On Fri, Nov 8, 2013 at 3:39 PM, Berk Hess <hess at kth.se> wrote:

>  I think I can upload a fix around 18:00.
>
> Cheers,
>
> Berk
>
>
> On 11/08/2013 03:37 PM, Mark Abraham wrote:
>
> OK, thanks Berk.
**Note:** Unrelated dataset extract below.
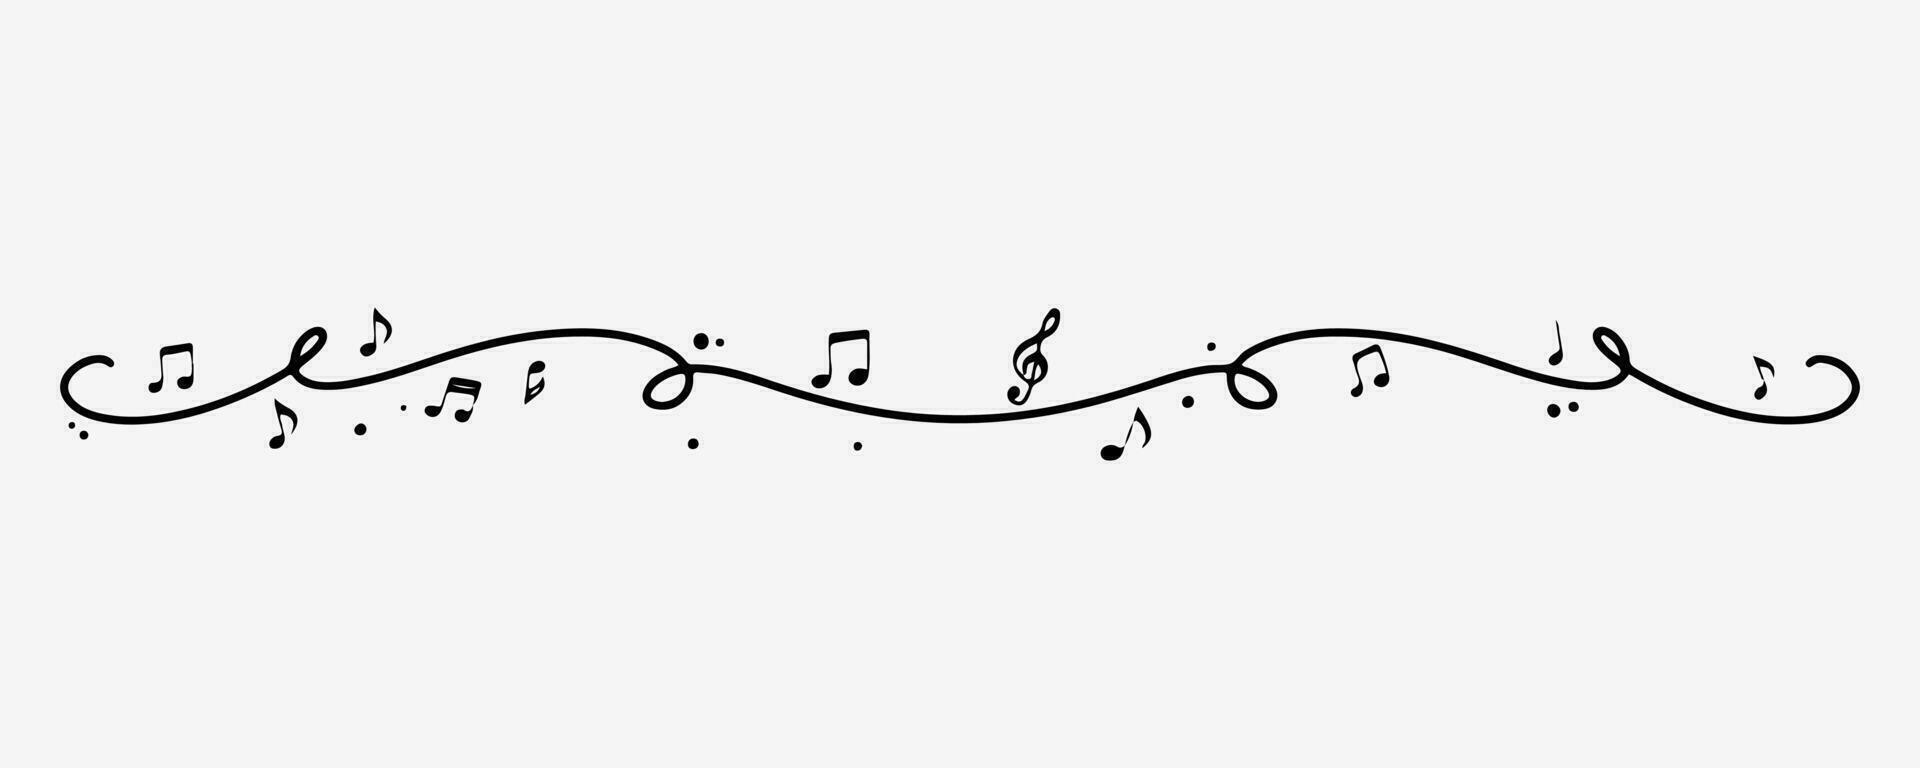 Hand drawn music dividers. Hand drawn music divider in doodle style. Drawn shapes doodle. Handdrawn decorative art shape. Vector EPS 10

Szilard and I each have thought of some minor
> documentation things that would be nice to fix also.
>
>  I suggest we try to get all that in so we can shift focus away from
> release-4-6, with the 5.0 beta only weeks away now!!
>
>  Mark
>
>
> On Fri, Nov 8, 2013 at 3:30 PM, Berk Hess <hess at kth.se> wrote:
>
>>  Hi,
>>
>> I think I found the source of the problem, now I have to come up with a
>> solution.
>> It seems you have a harmonic potential between two atoms at a distance of
>> 2.9 nm. This is much longer than the pair-list range. So one (non-local)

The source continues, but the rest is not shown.